Едва ощутимое дуновение проплывает по верхушкам деревьев, и с них дрожью осыпается сухой налет черемухи — невыразимый и горький. Горчащий этот аромат, в который первые звезды роняют свои слезы, как цветы сирени, оторванные от белой и фиолетовой ночи, высоко пересыпается под смеркающимся небом и сплывает безграничным вздохом смерти. (Ах, знаю, ее отец судовой врач, ее мать квартеронка. Это ее каждую ночь ждет у пристани, не зажигая огней, черный речной пароходик с колесами по бортам.)
И тогда-то в эти кружащие пары, в этих молодых людей и девушек, неизменно встречающихся на своих возвратных маршрутах, вступает некая поразительная сила и вдохновенность. Каждый из молодых людей становится неотразим и красив, как Дон Жуан, выходит из себя самого, гордый и победительный, и достигает той убийственной силы взгляда, от которой тают, как воск, девичьи сердца. А у девушек глаза становятся бездонными, в них открываются некие глубинные, разбегающиеся аллеями сады, темные и шумливые лабиринты парков. Праздничный блеск расширяет их зрачки, они без сопротивления раскрываются и впускают молодых завоевателей в шпалеры своих темных садов, расходящихся тропками многократно и симметрично, словно строфы канцоны, чтобы встретиться и обрести друг друга, как в грустном стихотворении, на розовой площадке возле округлых клумб или у фонтанов, пылающих поздним-поздним огнем заката, а потом снова разойтись и рассеяться среди черной массы парка, в вечереющей чаще, что становится все гуще и шумливей, в чаще, где плутают и теряются, будто среди запутанных кулис, бархатных занавесов и безмолвных каморок. И неведомо как сквозь холодок тех смеркающихся садов они вступают во всеми покинутые, чужие уединенные уголки, в какой-то иной, гораздо более темный, плывущий траурной процессией шум деревьев, в котором темнота бродит и вырождается, а тишина, подгнившая за долгие годы молчания, фантастически разлагается, точно в старых заброшенных винных бочках.
Вот так, ощупью блуждая в черном бархате этих парков, они наконец встречаются на уединенной поляне под последним пурпуром заката у пруда, который с давних пор зарастает черной тиной, и на дряхлой балюстраде, где-то на рубеже времени, у задней калитки мира вновь обретают друг друга в некоей давно миновавшей жизни, в дальнем предсуществовании и, включенные в чужое время, в костюмах былых веков без конца всхлипывают над муслином чьего-то трена и, поднимаясь к недостижимым тайнам, всходя по ступеням самозабвения, достигают вершин и границ, за которыми уже одна только смерть и оцепенение безымянного наслаждения.

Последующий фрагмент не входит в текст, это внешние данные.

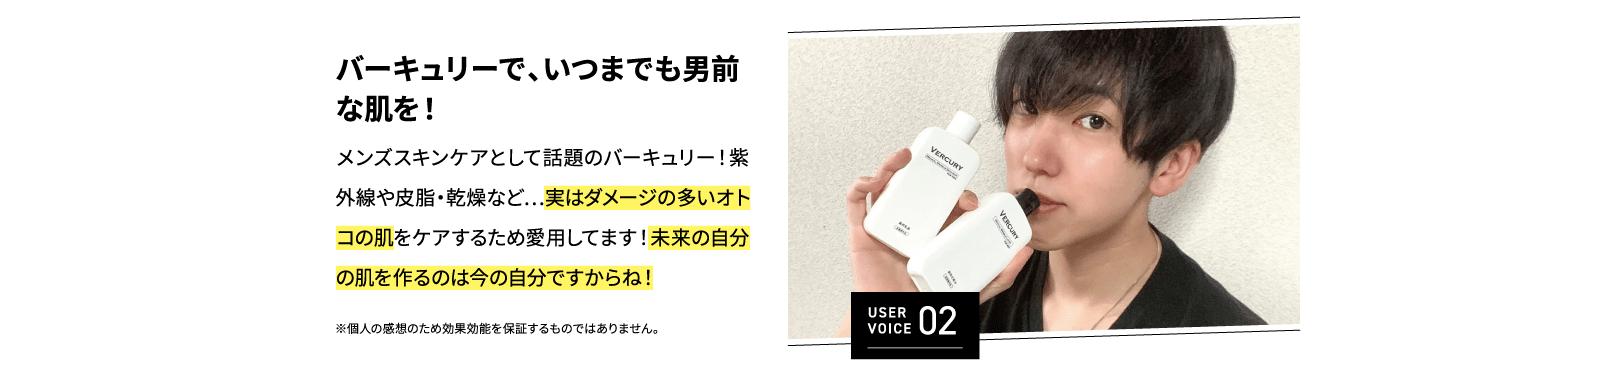 USERVOICE02

17Что такое весенние сумерки?
Добрались ли мы уже до сути вещей или эта дорога дальше никуда не ведет? Мы находимся у конца наших слов, которые здесь становятся уже смутными, бестолковыми и невнятными. И однако только за их рубежом начинается то, что так необъятно и невыразимо в этой весне. Мистерия сумерек! Только лишь за пределами наших слов, там, куда не достигает мощь нашей магии, шумит та сумрачная неохватная стихия. Слово здесь разлагается на элементы и распадается, возвращается к своей этимологии, нисходит обратно в глубину, в темный свой корень. Как это в глубину? Мы понимаем это дословно. Вот темнеет, слова наши теряются среди неясных ассоциаций: Ахеронт, Орк, Преисподняя… Чувствуете, как сгущается мрак от этих слов, как слышится шорох кротовины, как повеяло подземельем, погребом, могилой? Что такое весенние сумерки? Еще раз задаем этот вопрос, этот пламенный рефрен наших исследований, на который нет ответа.